It blows my mind every day, especially in the middle of the night when I am feeding him a bottle and trying desperately to stay awake, how much and how quickly someones life can change and how fast you can love someone you just met, even if he has your finger length toes and his dad's upper lip. In our case, our lives changed very quickly for the better, for weeks ago. Ross and I got to the hospital at 6 am, and had a baby by 8:25. The c-section was a totally crazy experience. I walked myself into the operating room, sat on a table and within seconds of having a giant needle jabbed into my back I lost all feeling from the chest down but was sure that I could definitely move my toes if only I had enough energy and will power. From the needle to the baby, it was sheer minutes and the first thing I said to Ross as he was hovering over my very numb and very drowsy body as Elliott was born was, "oh my goodness, I can breathe!" That feeling was the best thing in the whole world, at the time anyway.
As I was talking to my mom today about important life decisions like work, the future, and mom guilt, she told me that Elliott has made me tough. Not the whole surgery aspect of his arrival, but the first 10 days of his life. I guess if you can walk out of the hospital and leave your sick little baby there, trusting him to the care of others, and not start bawling until you get in the car, your tough! And, not seeing your own baby in person for almost the entire first day of his life, and not being able to hold him for two days makes you tough. And, only being able to see him twice a day for about 30 minutes a visit because you are following nurses orders makes you tough. I don't know if it's toughness or just some kind of internal drive, but I truly feel for those parents though that have to leave their babies for weeks or months; that must be the most difficult thing in the whole world.
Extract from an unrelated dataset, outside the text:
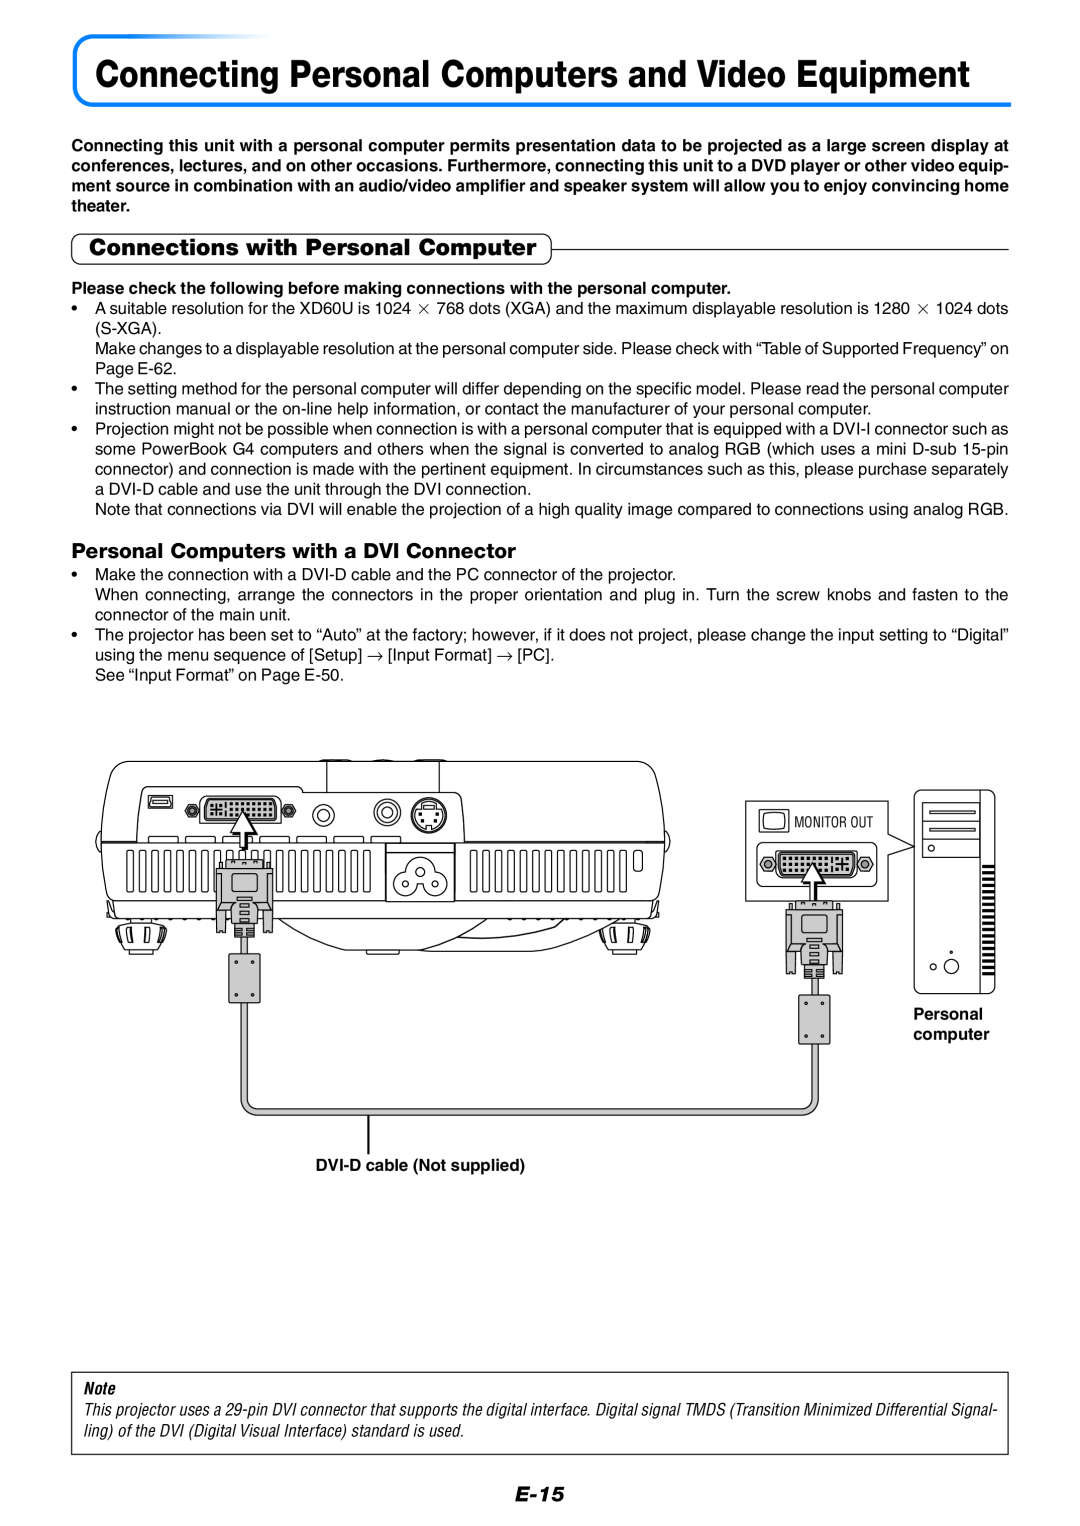 Mitsubishi Electronics XD60U user manual Connections with Personal Computer, Personal Computers with a DVI Connector, E-15

I guess that my mom is right though, perhaps after our experience at the hospital, I am invincible! Well, not invincible, but definitely tougher. You have to be tough to be a parent, right?
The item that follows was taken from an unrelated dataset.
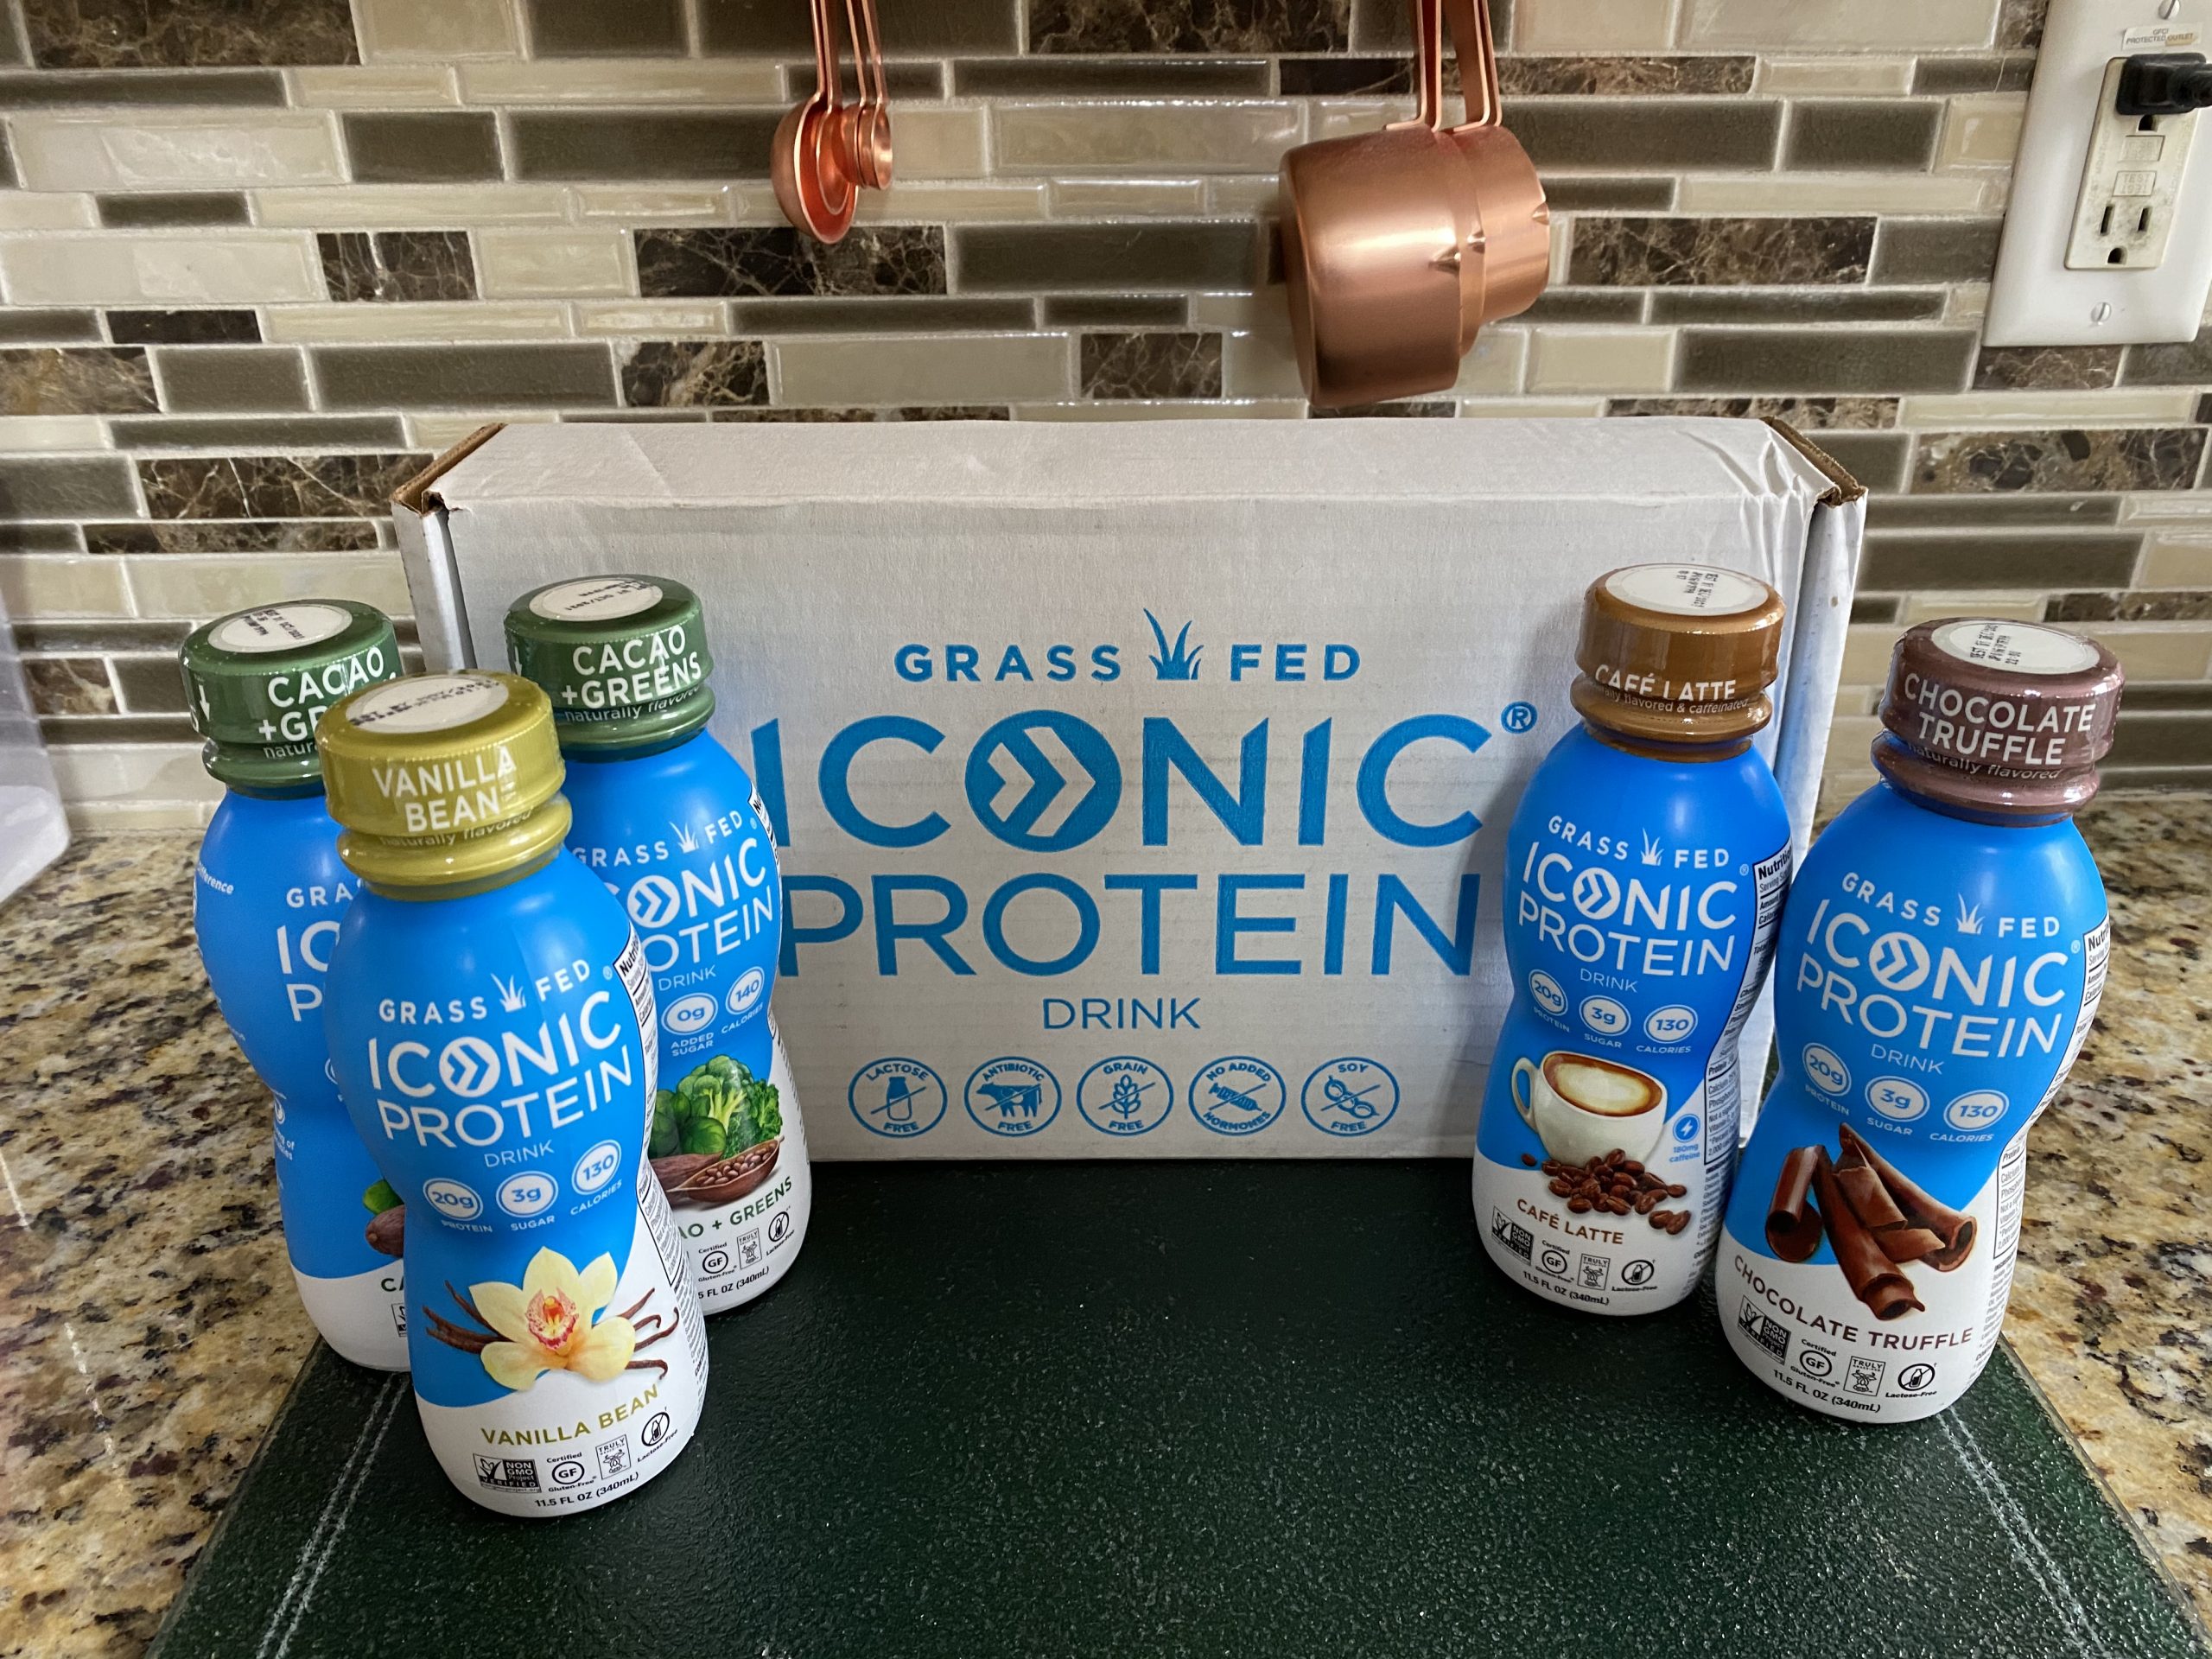 Iconic Grass Fed Protein Drink, Review of ALL 4 Flavors

But, I digress! In just a few minutes on January 23, our lives changed forever, and in such a good way. In one month, Elliott has gained about 3 pounds and I'm sure three inches in length. He is happy, active, content, loves to stare and thinks that he is the strongest baby in the world. He smells good and can shoot a pee stream to challenge any boy scout. He loves music (Guster, Cold Play, and anything else that comes onto shuffle on the iPod...except the Black Eyed Peas...sorry Fergie, Elliot doesn't think your "fergilicious") and has very ticklish toes. Eating is the most important thing in the world to him, but when he decides to snuggle, it nearly melts my heart.
I guess most importantly, Elliot has turned Ross and myself into official grown-ups. Our conversations have shifted from current events, to feeding schedules and from pop-culture to poopy diapers. Everyone who reads the blog has probably noticed a major shift in content. That's because, one, we have had a shift in content in our lives and two, I am home every day without a lot of stuff to look at or people to talk to, though I was lucky enough to see CNN break the Anna Nicole story. That's one for the memory books. Hopefully, once we get more into the swing of parenthood, we'll figure out how to incorporate the world back into our newly created bubble.
Back on that life changing idea...I've been thinking a lot about that lately. Elliott is lucky enough to have 6 living great-grandparents who love him dearly and all four of his grandparents, not counting the oodles of extended family to love him and give him kisses. We are so lucky to have so much family around and for our little boy to grow up with so much love and support. Especially because you never know what will happen to your family or loved ones every day. A cousin of my mom's passed away over the weekend after months of hospitalization, surgeries, and struggle. Her teenage daughters were left with the heart-breaking decision of when to pull the plug and are now left without their mom. I couldn't live without my mom and having to make the decision of when he heads to heaven would be the most difficult decision ever to be made. There weren't many times that I was ever around this cousin of my mom's but the news of her death over the weekend really reminded me of how fragile life is and how in the blink of an eye, we see dramatic and life altering change every single day.
Right now, I'll take my baby that cries in the middle of the night and stares at me all day long. He loves me, I think, and that's just about the best thing in the whole world.